___ Material provided ___
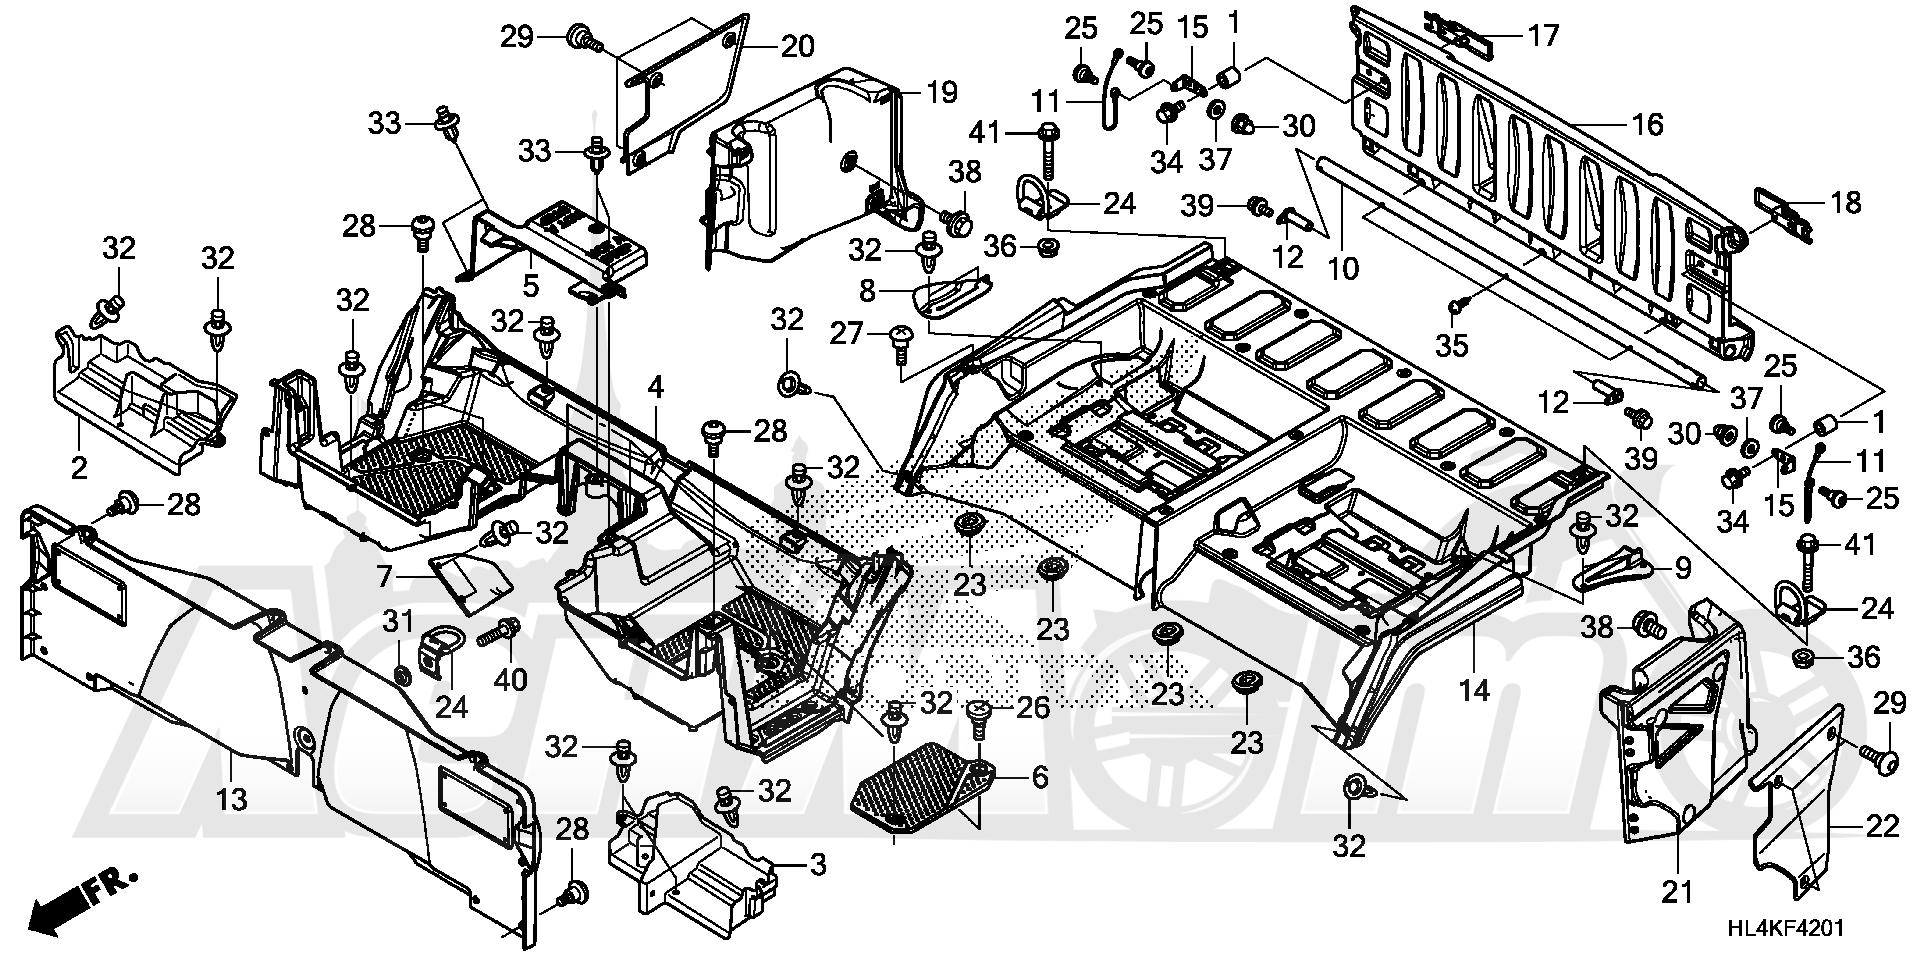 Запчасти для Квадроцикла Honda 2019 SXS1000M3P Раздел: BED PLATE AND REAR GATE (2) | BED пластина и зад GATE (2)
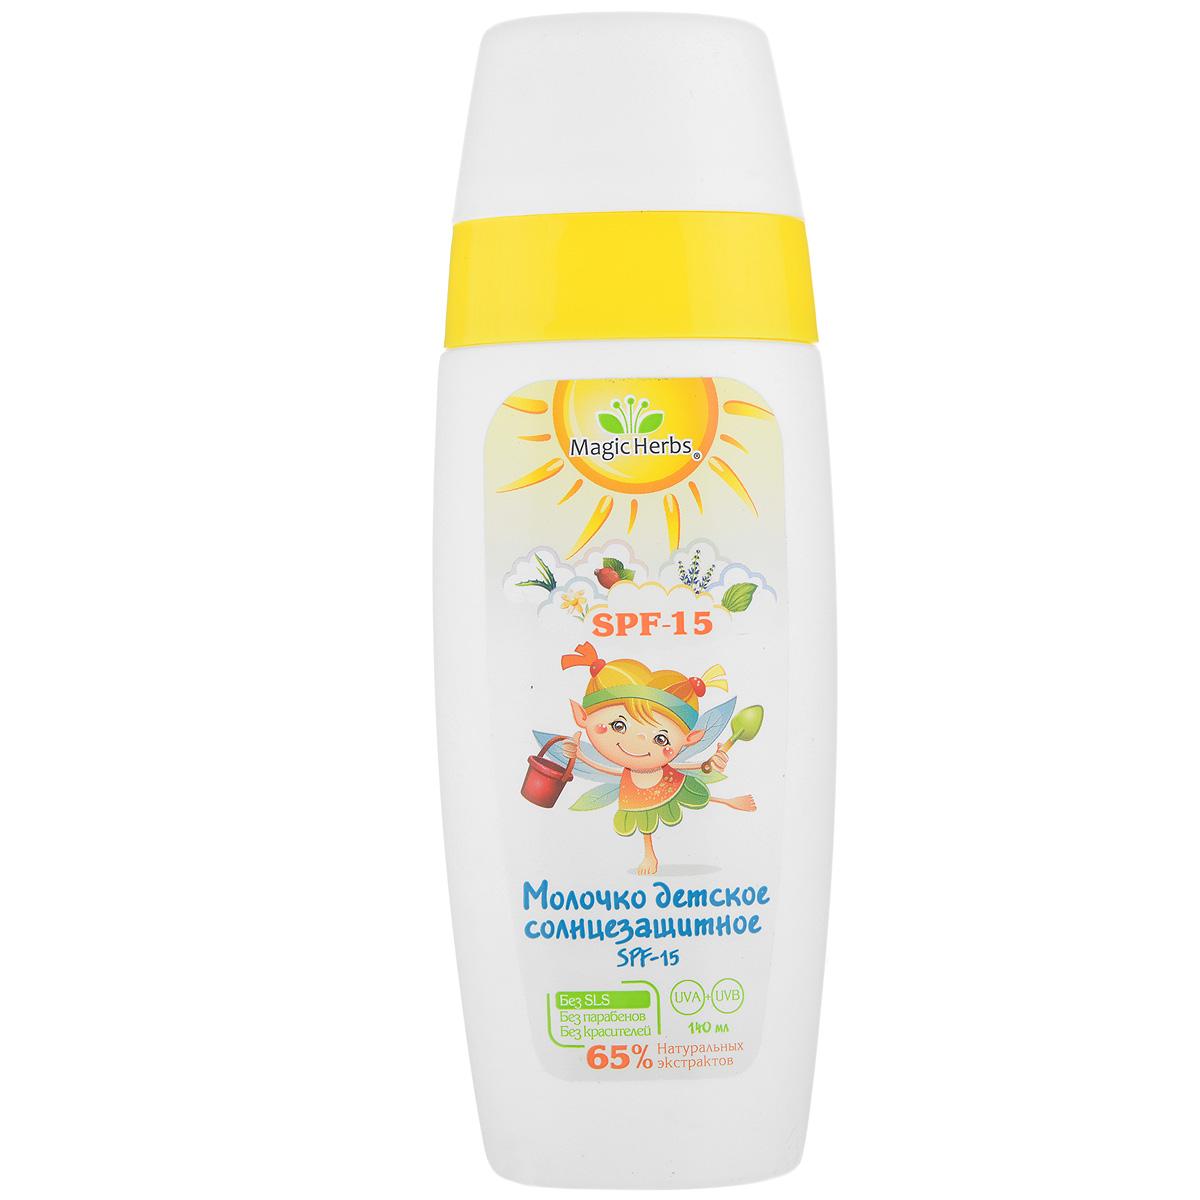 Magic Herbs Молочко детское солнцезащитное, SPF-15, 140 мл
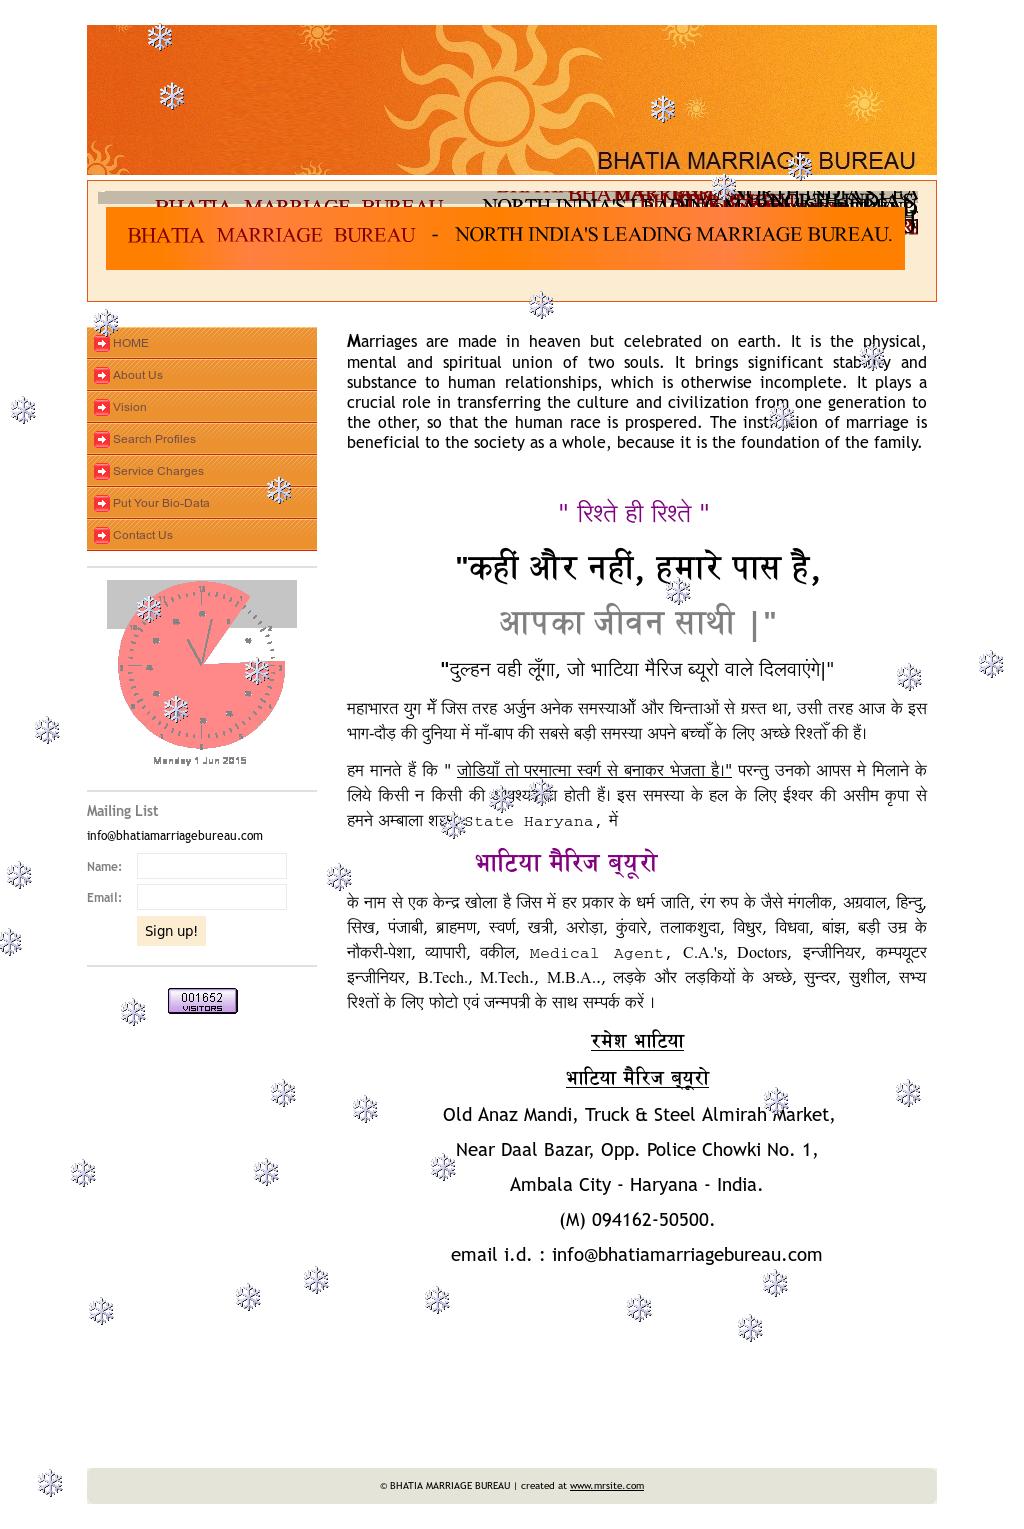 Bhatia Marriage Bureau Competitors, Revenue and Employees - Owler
___
**Aim of the exercise:**
Could you restate the material word for word, omitting the pictures?

**Response area:**
 Запчасти для Квадроцикла Honda 2019 SXS1000M3P Раздел: BED PLATE AND REAR GATE (2) | BED пластина и зад GATE (2)
 Magic Herbs Молочко детское солнцезащитное, SPF-15, 140 мл
 Bhatia Marriage Bureau Competitors, Revenue and Employees - Owler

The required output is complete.